About This Pork Neck Bones Recipe
Pork neck bones make for a hearty, delicious meal that’s bursting with flavor despite having a low price tag. They really pack a punch of taste when it comes to cooking. The small amount of meat on them gives you plenty of seasoning, and the bone is where much of the flavor profile stems from.
The best part? Once cooked, the meat literally falls off the bone, so you can enjoy juicy, flavorful bites without even having to work for it!
If you want something rich and savory, pork neck bones are the way to go. All they need is a bit of low-and-slow simmering, and you’ll be rewarded with mouthwateringly tender and juicy meat that well surpasses any regular cut.
If you’re interested in soul food cuisine, these pork neck bones are an excellent addition to collard greens and Southern cornbread.
Don’t be afraid of experimenting with different flavors; this is one dish where the sky truly is the limit!
What You Need for This Pork Neck Bones Recipe
- Pork Neck Bones: When you’re getting pork neck bones at the butcher shop or grocery store, take a few minutes to inspect the packages of neck bones and determine which ones have the most meat.
- Paprika: I like to use smoked paprika because it adds an irresistibly woodsy aroma to the food.
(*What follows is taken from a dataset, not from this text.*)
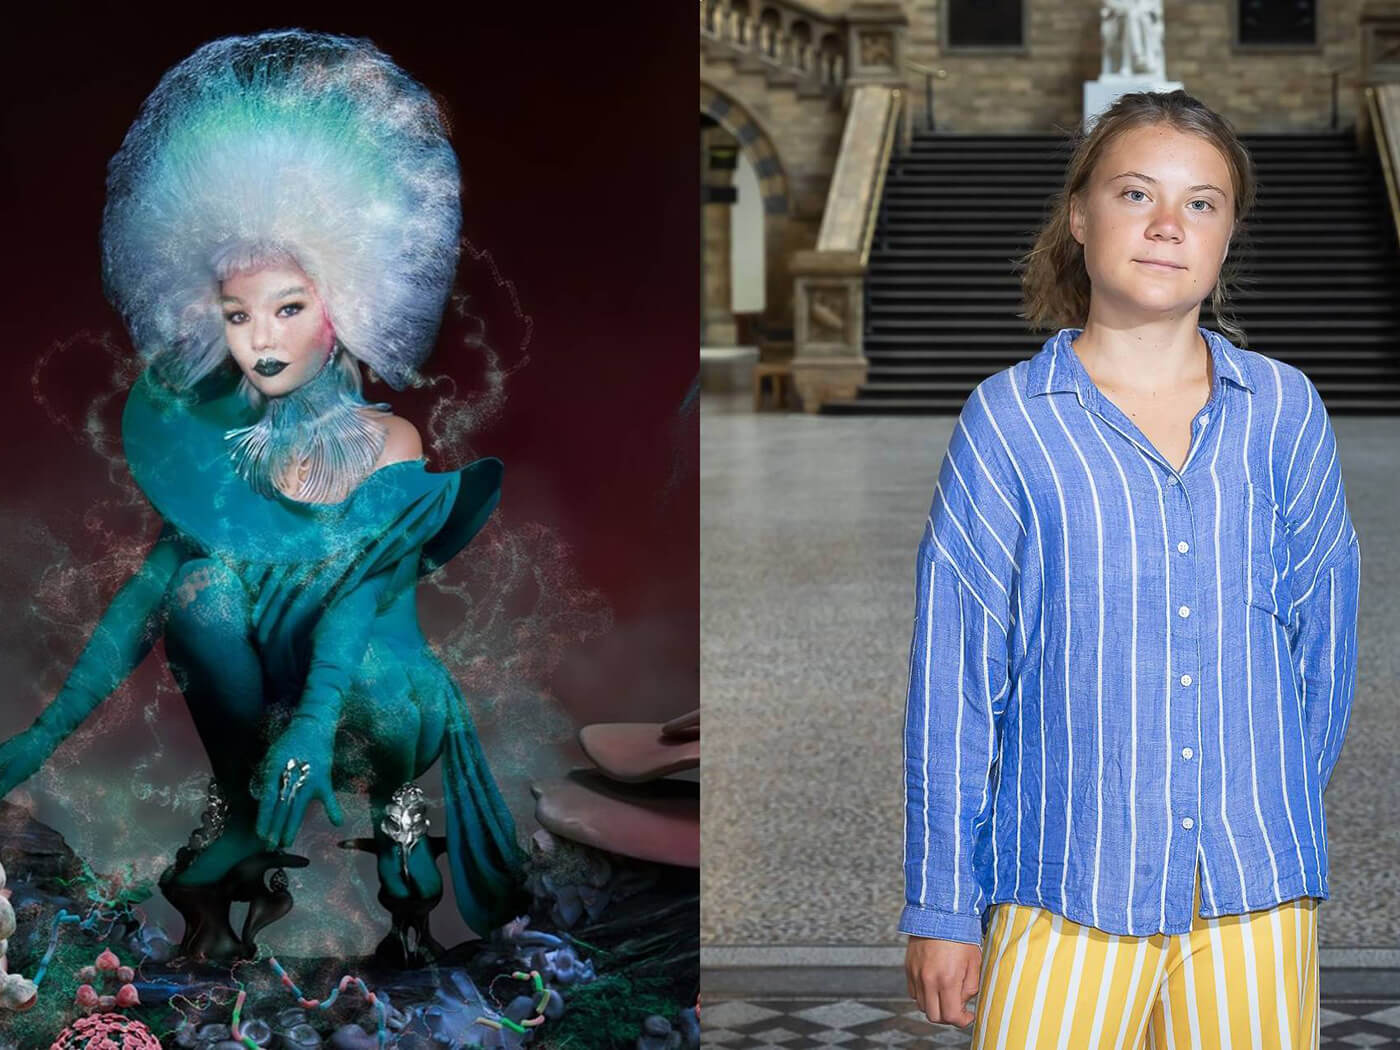 Björk and Greta Thunberg in conversation: “We have to take turns in holding the torch”

- Garlic Powder: Whether you’re using it to season meat, mix it into a dip, or sprinkle it onto mashed potatoes, garlic powder has been helping bring dishes to life for years. The aromatic and flavorful powder is an easy and convenient way to add a depth of flavor to any dish. Best of all? A little bit goes a long way — so you don’t need too much to get the full effect of garlic’s signature taste!
- Broth: I like to use vegetable broth for cooking pork because, unlike water, it adds more taste and helps bring out the flavors of the meat.
- Onion: Although they can bring tears to your eyes and have a strong smell, onions have a fragrant and flavorful taste that adds depth to any dish.
- Broth: I have used vegetable broth, but it can be substituted with any other broth. Chicken or pork broth, or even simply water, will work well in this recipe. Just make sure to use enough liquid to cover the pork neck bones.
- Paprika: I like to use smoked paprika, but regular sweet paprika will also be great.
How can I store these pork neck bones?
You can store the cooked pork neck bones in the fridge in an air-tight container for 3 to 4 days. If needed, you can also freeze them for up to 3 months. Defrost them overnight in the fridge, then reheat them.
What can I serve the pork neck bones with?
They pair very well with rice, greens, or mashed potatoes.
Where can I find the pork neck bones?
You can find them in local grocery stores, specialty markets, or even some Asian grocery stores.
Pork Neck Bones
With wonderfully tender, juicy, and flavorful meat that falls off the bone, this pork neck bones recipe is perfect for those chilly nights when you crave something hearty and delicious.
Yield: 4 servings
How To Cook Pork Neck Bones Step By Step
Pat the pork neck bones dry with a kitchen paper towel and season with smoked paprika, garlic powder, salt, and pepper.
Heat the extra virgin olive oil in a large pot over medium heat, then add the seasoned pork neck bones.
Sear the pork neck bones on all sides.
Add finely chopped onion and sauté for 2-3 minutes or until soft and fragrant.
Add the vegetable broth to the pot and make sure the bones are submerged. Then, adjust to medium-low heat, cover the pot, and let it simmer for 2 to 4 hours or until the meat falls off the bone.
Serve with your favorite side dishes.
- When adding the vegetable broth to the pot, use a wooden spoon or a spatula to deglaze the pot by scooping up any brown bits. Leave them in the pot for additional flavor.
- The longer the pork neck bones cook, the more tender they will be. Usually, it takes between 2 to 4 hours to have fall-off-the-bone meat.